Benthic Invertebrates

Twenty-two benthic collection sites were developed by Joe Eilers of MaxDepth Aquatics in 2002. Site locations were based on historical sites from the Environmental Protection Agency and ODFW collections and were representative of the lake’s benthic population.

Sites included deep, shallow, weedy, non-weedy, hard bottom, and soft bottom sites. In 2004, ODFW added a site near Thielsen View Campground commonly referred to as the “shrimp beds” in the lake.

Sites were sampled in triplicate using a Petite Ponar dredge (Wildco #1728-G30) to sample an area of 152 mm x 152 mm per grab then hoisted to the boat using an electric crab pot puller. Each grab was put into a Wildco sieve bucket with #30 mesh to separate samples from substrate.

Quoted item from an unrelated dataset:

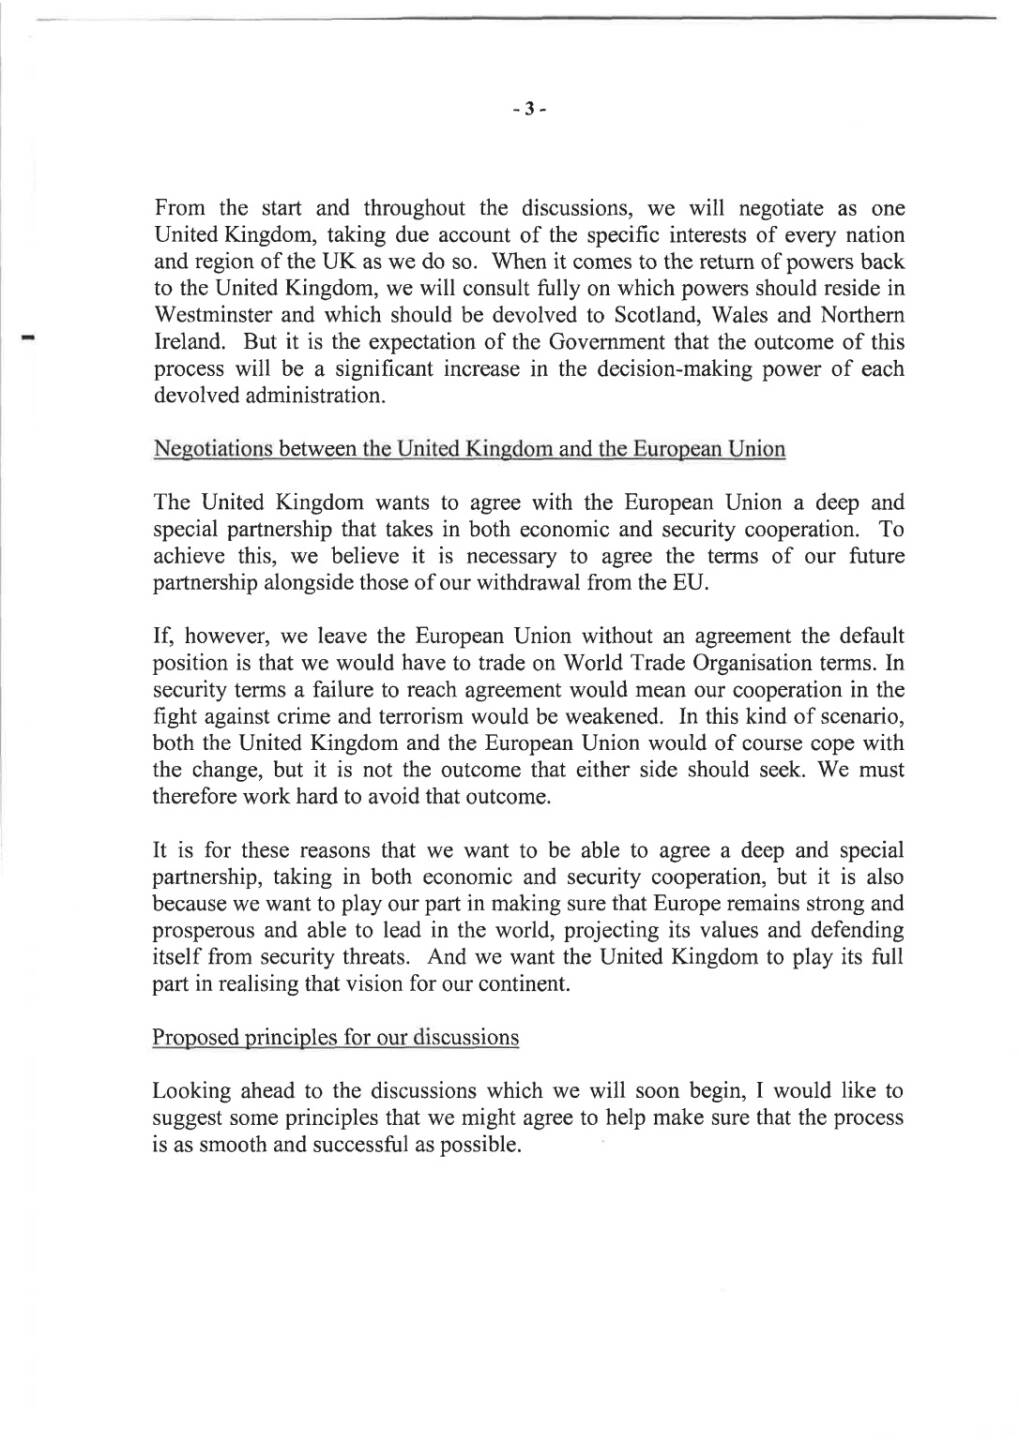 Das Brexit-Dokument mit Tusk, Seite 3/6, komplettes Dokument unter http://boerse-social.com/static/uploads/file_2185_das_brexit-dokument_mit_tusk.pdf

The entire sieved sample, pooled for each site was placed into a jar with denatured alcohol or sorted in the field. Each jar was then labeled with site number and date for later processing. Samples were identified by ODFW staff or professional taxonomists and split into groups. The benthic food index for the lake was calculated for samples by month.

Bottom-dwelling organisms, such as snails, insects, and shrimp-like creatures recovered rapidly and provided additional food for trout.

Species of invertebrates not seen in the previous decade have re-colonized the lake. These taxa include mayflies, caddisflies, snails, and bivalves/clams/mussels. Taxa that were rare during the last decade have become abundant, including amphipods (freshwater shrimp), leeches, and dragonflies.

ODFW has historically conducted benthic sampling in Diamond Lake to use as a tool to help manage and monitor the fishery. Benthic macro invertebrate data is a good indicator of water quality and lake health, availability of food for fish, and an important tool for aiding in determination of fish stocking rates.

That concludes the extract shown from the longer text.